United States. I was opposed to this on the ground of its inequality. It
happened to me, Sir, to be called upon to address a political meeting in
New York, in 1837, soon after the recognition of Texan Independence. I
state now, Sir, what I have often stated before, that no man, from the
first, has been a more sincere well-wisher to the government and the
people of Texas than myself. I looked upon the achievement of their
independence in the battle of San Jacinto as an extraordinary, almost a
marvellous, incident in the affairs of mankind. I was among the first
disposed to acknowledge her independence. But from the first, down to
this moment, I have opposed, as far as I was able, the annexation of new
States to this Union. I stated my reasons on the occasion now referred
to, in language which I have now before me, and which I beg to present
to the Senate.

Mr. Webster here read the passage from his speech at Niblo's
Saloon, New York, which will be found in a previous part of this
work, pages 429, 430, beginning, "But it cannot be disguised,
Gentlemen, that a desire, or an intention, is already manifested to
annex Texas to the United States."

Well, Sir, for a few years I held a position in the executive
administration of the government. I left the Department of State in
1843, in the month of May. Within a month after, another (an intelligent
gentleman, for whom I cherished a high respect, and who came to a sad
and untimely end) had taken my place, I had occasion to know, not
officially, but from circumstances, that the annexation of Texas was
taken up by Mr. Tyler's administration as an administration measure. It
was pushed, pressed, insisted on; and I believe the honorable gentleman
to whom I have referred[2] had something like a passion for the
accomplishment of this purpose. And I am afraid that the President of
the United States[3] at that time suffered his ardent feelings not a
little to control his more prudent judgment. At any rate, I saw, in
1843, that annexation had become a purpose of the administration. I was
not in Congress nor in public life. But, seeing this state of things, I
thought it my duty to admonish the country, so far as I could, of the
existence of that purpose. There are gentlemen at the North, many of
them, there are gentlemen now in the Capitol, who know that, in the
summer of 1843, being fully persuaded that this purpose was embraced
with zeal and determination by the executive department of the
government of the United States, I thought it my duty, and asked them to
concur with me in the attempt, to make that purpose known to the
country.

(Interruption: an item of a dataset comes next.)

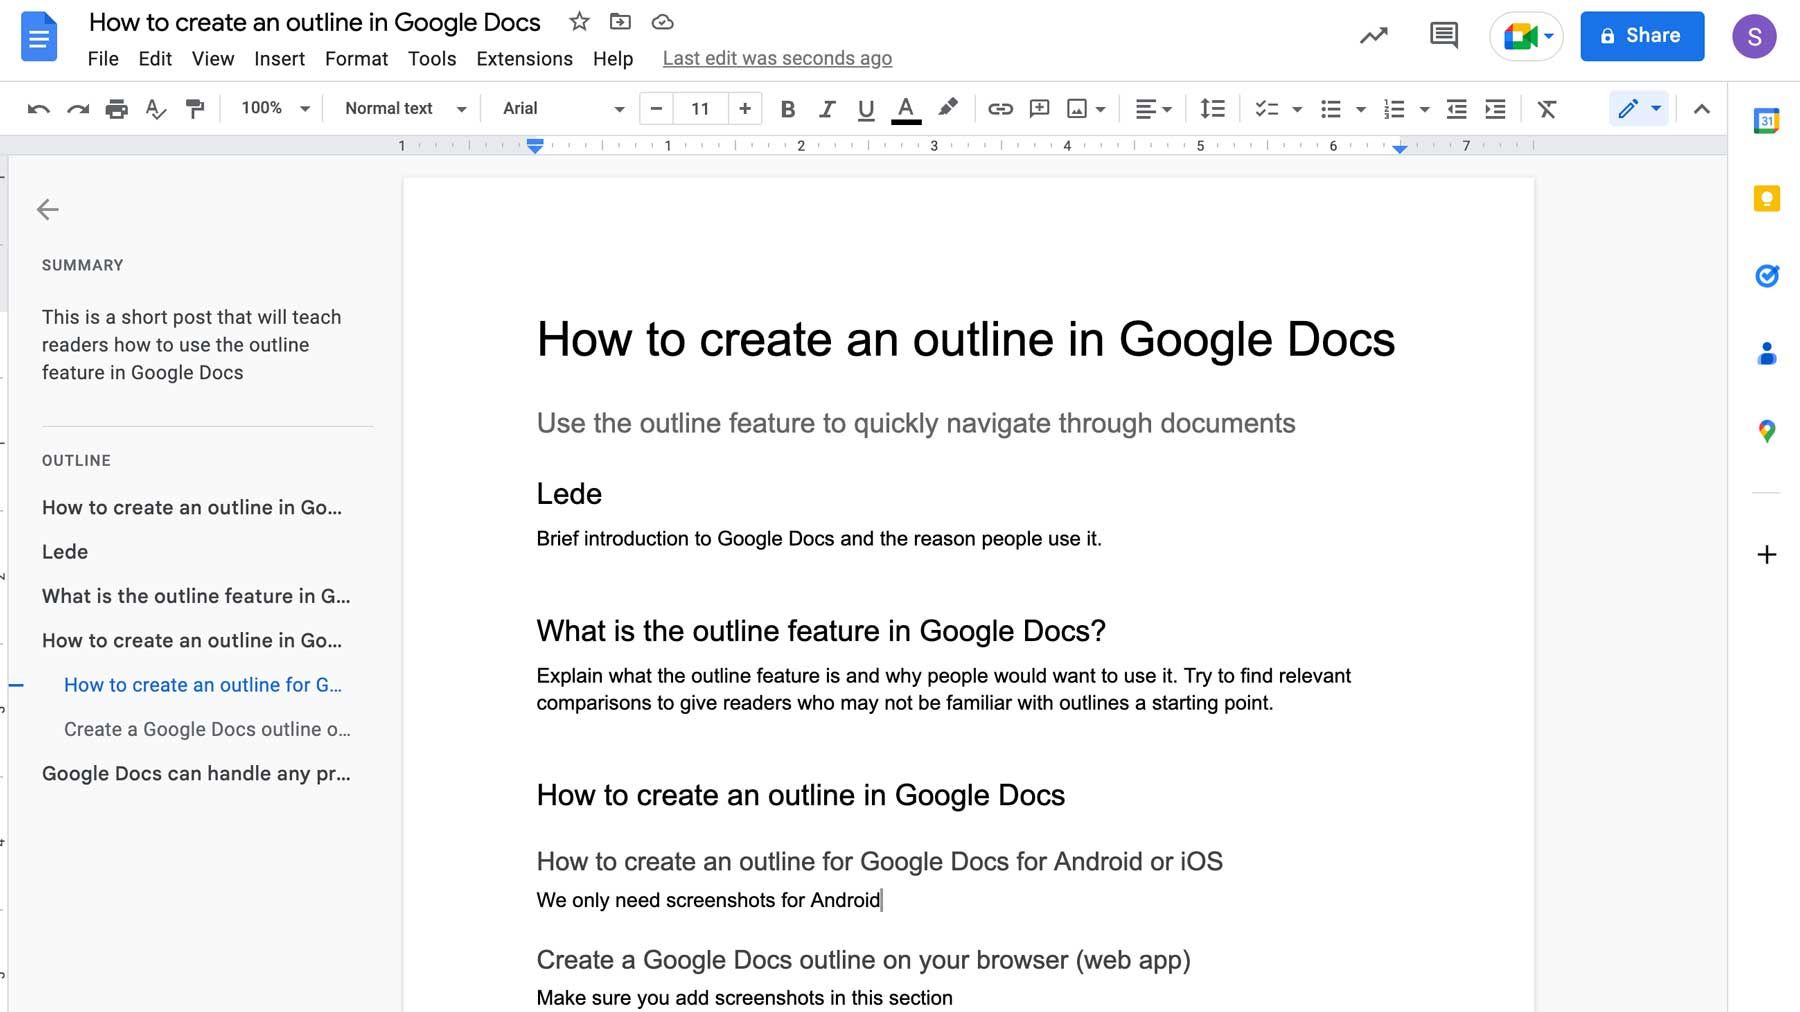 Screenshot of a Google Docs document with an outline

I conferred with gentlemen of distinction and influence. I
proposed means for exciting public attention to the question of
annexation, before it should have become a party question; for I had
learned that, when any topic becomes a party question, it is in vain to
argue upon it.

But the optimists and the quietists, and those who said, All things are
well, and let all things alone, discouraged, discountenanced, and
repressed any such effort. The North, they said, could take care of
itself; the country could take care of itself, and would not sustain Mr.
Tyler in his project of annexation. When the time should come, they
said, the power of the North would be felt, and would be found
sufficient to resist and prevent the consummation of the measure. And I
could now refer to paragraphs and articles in the most respectable and
leading journals of the North, in which it was attempted to produce the
impression that there was no danger; there could be no addition of new
States, and men need not alarm themselves about that.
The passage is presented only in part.